Why is that? Iowa State is known for utilizing offensive looks that feature multiple tight ends. The Cyclones are led by the All-American Charlie Kolar but Wallace noted there's four tight ends that they're game planning for: Kolar (6-foot-7, 260 pounds), Chase Allen (6-foot-7, 250 pounds), Easton Dean (6-foot-6, 255 pounds) and Jared Rus (6-foot-2, 240 pounds).
That means Iowa will likely add a linebacker to its base defensive looks this week with a 4-3 to combat that size.
"It does present some challenge to us personnel-wise," Iowa linebackers coach Seth Wallace said this week. "There's really no secret there we're going to have to be in a 4-3 defense from a personnel standpoint.
"The bigger challenge is what they do with that personnel: whether it's (two-tight end), (three-tight end) on occasion (or) it could be (four-tight end). They challenge you with a lot of gap discipline and it's going to put a lot of stress on us."
This could be the game where Jestin Jacobs breaks through. He played both outside linebacker positions against Indiana but this game will be his first where he'll play extended snaps.
Another personnel note: Jacobs taking the third linebacker spot means that 'cash' player Dane Belton slides back to strong safety with Kaevon Merriweather.
Iowa's top two linebackers are Seth Benson and Jack Campbell, the two leading tacklers from last week, but Jacobs' athleticism and speed makes him a potential wild card.
"(Jacobs) has been in there at strong side and weak side," Wallace said. "I think that this might put in more in the strong-side position based on what we're seeing but his development is daily."
Outside of Iowa's tight end group, the daunting task facing Iowa's defense is limiting All-American running back Breece Hall. Wallace is no stranger to Cyclone backs, noting that they're reminded daily of the success former Iowa State running back David Montgomery had against them during his career.

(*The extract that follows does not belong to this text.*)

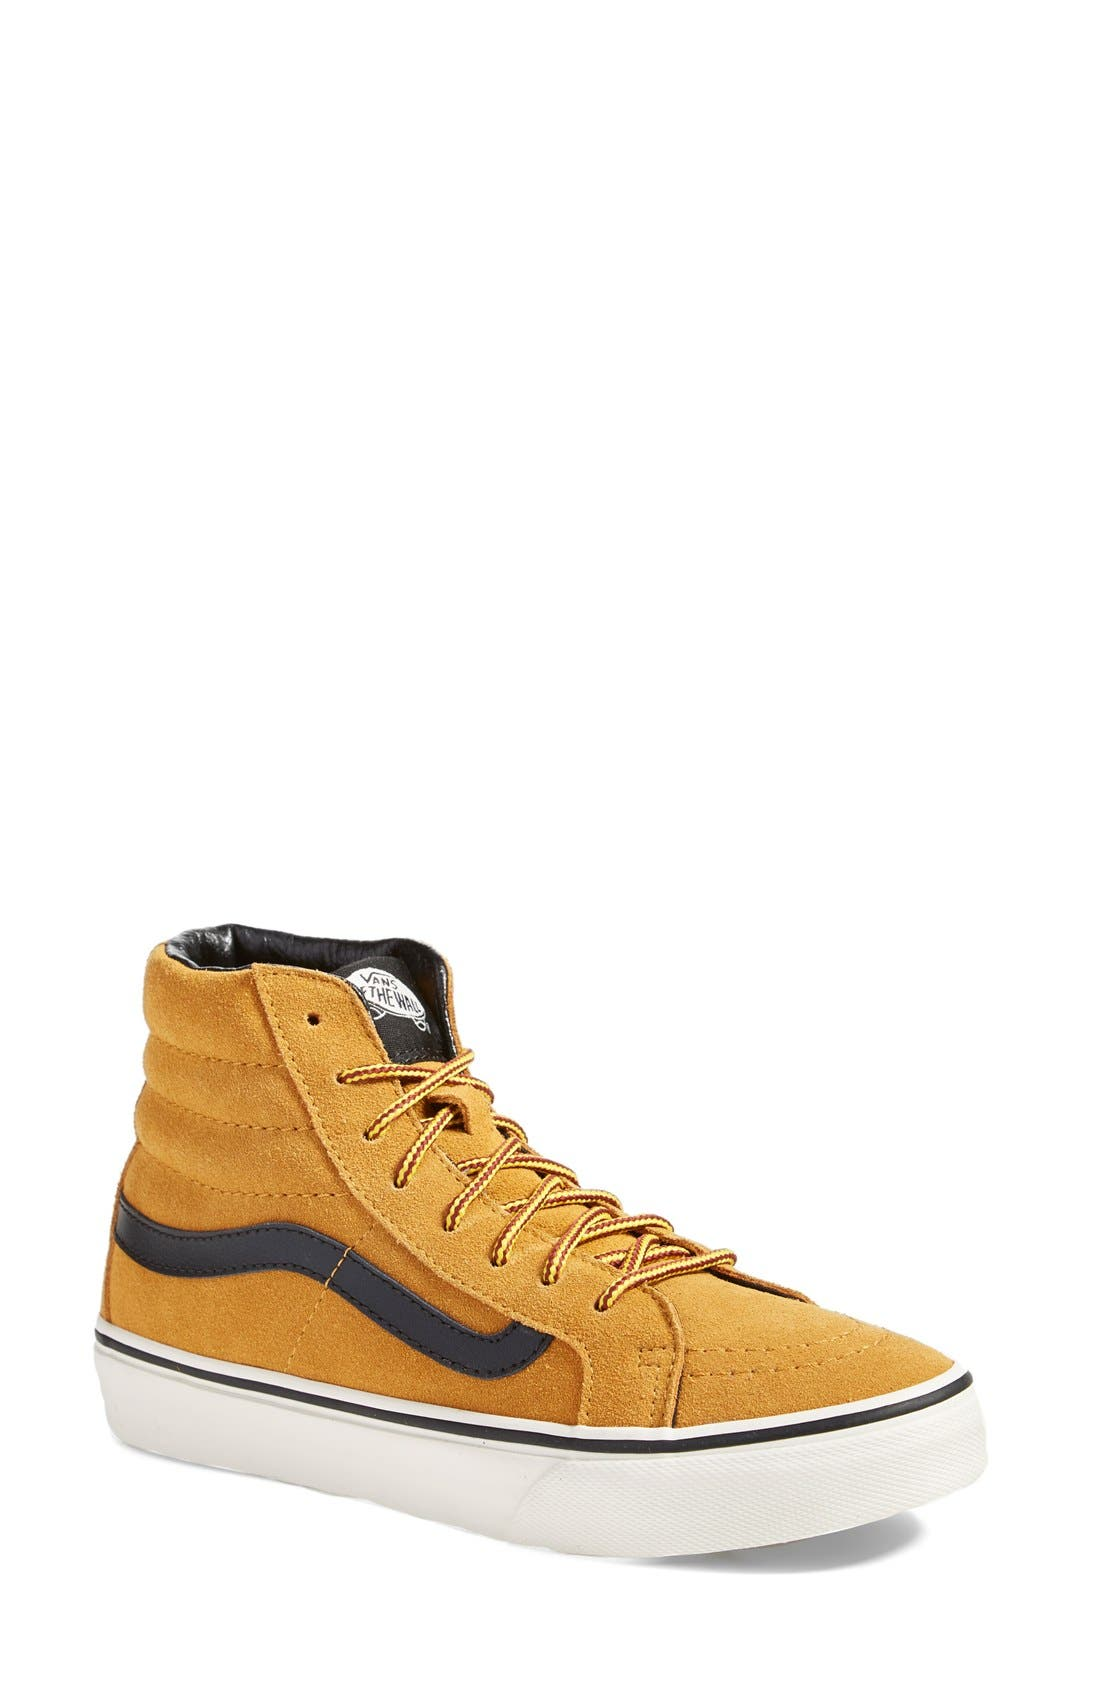 Main Image - Vans 'Sk8-Hi Slim' Suede Sneaker (Women)

Keeping Hall in front of them and out of open space is their top priority.
"When Breece Hall is out in the open," Wallace said, "he's as good as they are in college football."

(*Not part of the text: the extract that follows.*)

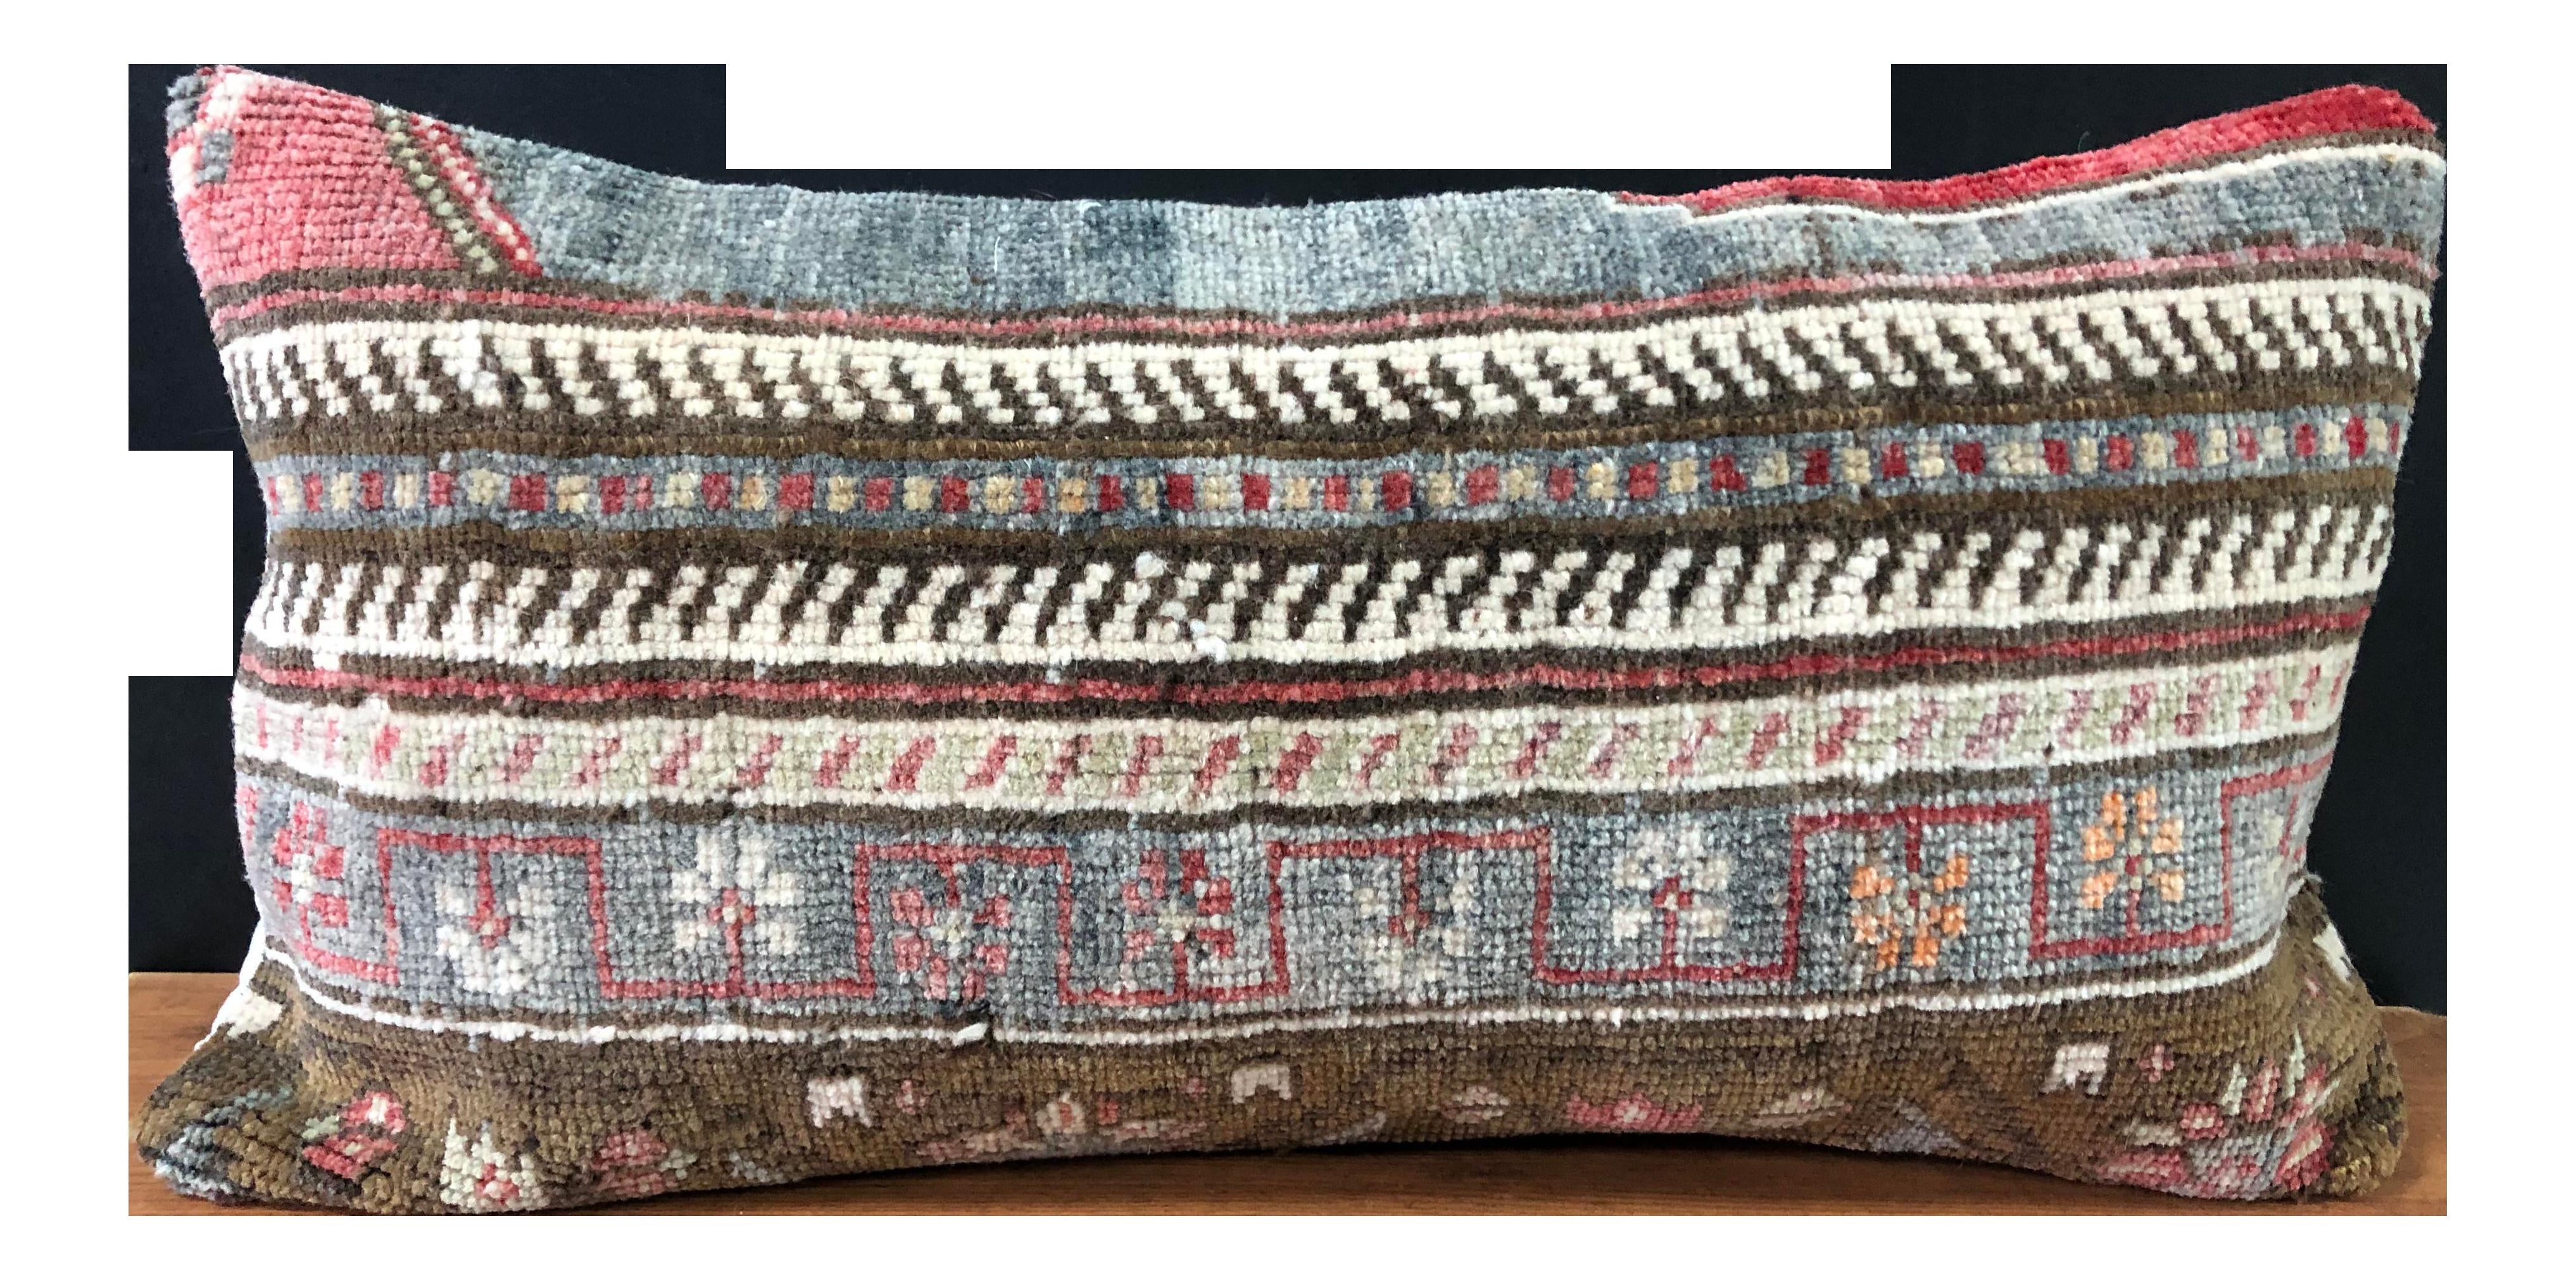 Decorative Carpet Pillow Cushion cover made from Vintage Turkish Anatolian Rug E0011U 14x20 35x50cm

Wallace's main focus throughout the season is on linebackers but as assistant defensive coordinator he oversees all units. That includes the defensive line. A question mark heading into Week 1, nine linemen were in rotation against Indiana.
Their role in stopping Iowa State's running attack is as important as anyone else's. To this point Wallace has been pleased with their production.

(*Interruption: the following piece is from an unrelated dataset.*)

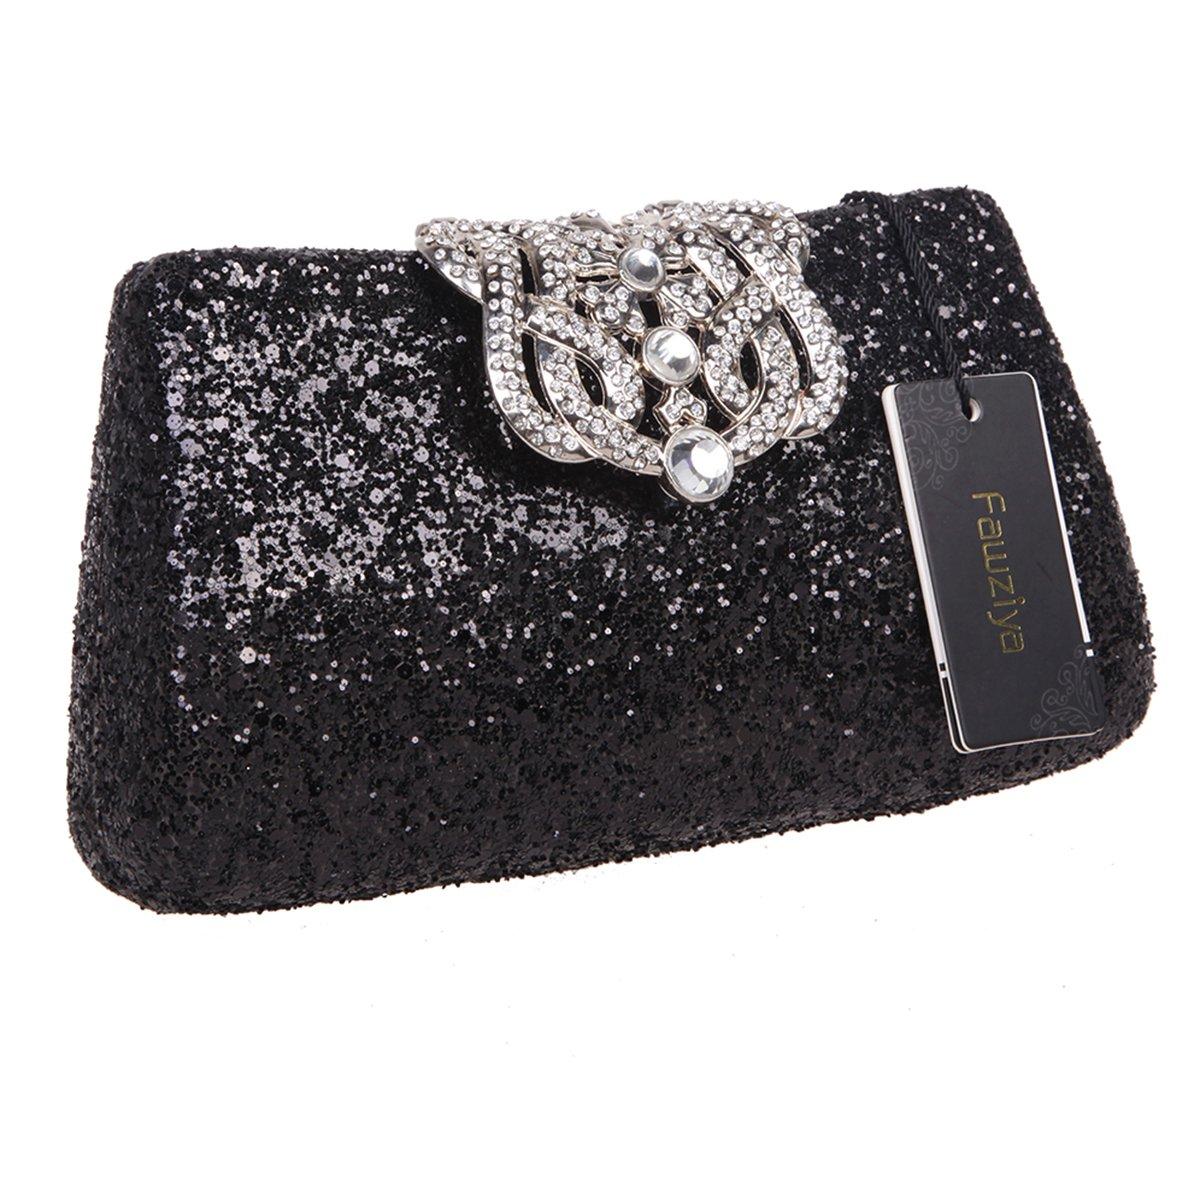 Fawziya Crown Glitter Clutches And Evening Bags Bling Clutch Purses For  Women-Black  Amazon.ca  Shoes   Handbags 1180c553386e

"Pleasantly surprised but I'm not surprised," Wallace said. "You saw it for 24 practices during pre-season camp and leading up to the game. There's nothing more important and more welcoming than getting done with the first game, having a win under your belt but going back to assess just how much improvement can be made.
"When kids can do that, it means more when it's against an opponent than guys they share a locker room with every day."
Update on freshmen linebackers
Outside of Cy-Hawk preparation, Wallace gave an update on Iowa's four true freshman linebackers: Jaden Harrell, Karson Sharor, Justice Sullivan and Zach Twedt. They're doing the little things right: showing up prepared and having eager attitudes but Wallace admits there's a long road ahead.
"You get to college and what you thought was a small world is a big world " Wallace said. "Trying to manage it all now — two weeks into class there's a lot going on for a freshman. That's why you don't see too many jump into roles like linebacker, offensive or defensive lineman because not only is there a physical development but mental as well."
Wallace looks forward to Iowa's bye week (Oct. 16), a time that's key for freshmen development.
"That gives you an opportunity to slow down," Wallace said. "You can get back face-to-face with those guys, be able to put them back through what looks like a spring practice or fall camp. We'll re-assess then but for now they're doing an excellent job on our scout teams."
High praise for Kyler Fisher
Iowa's walk-on stories are plentiful. There's a section in the football facility dedicated to commemorating those players' efforts. The next testimony could come from the linebackers room in sophomore Kyler Fisher.
He came into the program as a defensive back. Wallace admits he had struggles keeping his weight down but out of that came an opportunity for Fisher to transition into a utility linebacker. He's making an impact on special teams and is listed as a second team weak side linebacker behind Seth Benson.
When will the Farnhamville native see the field at linebacker?
It's only a matter of time.
"Kyler's just on the front end of this deal," Wallace said. "He's at kind of at the tip of the iceberg right now. You're seeing from a special teams standpoint, and that's usually how it is with guys like him and you're seeing it continue to grow.
"There's going to be a time and place where he gets on the field defensively and I'm anxiously awaiting that. For now, he's a core part of our special teams."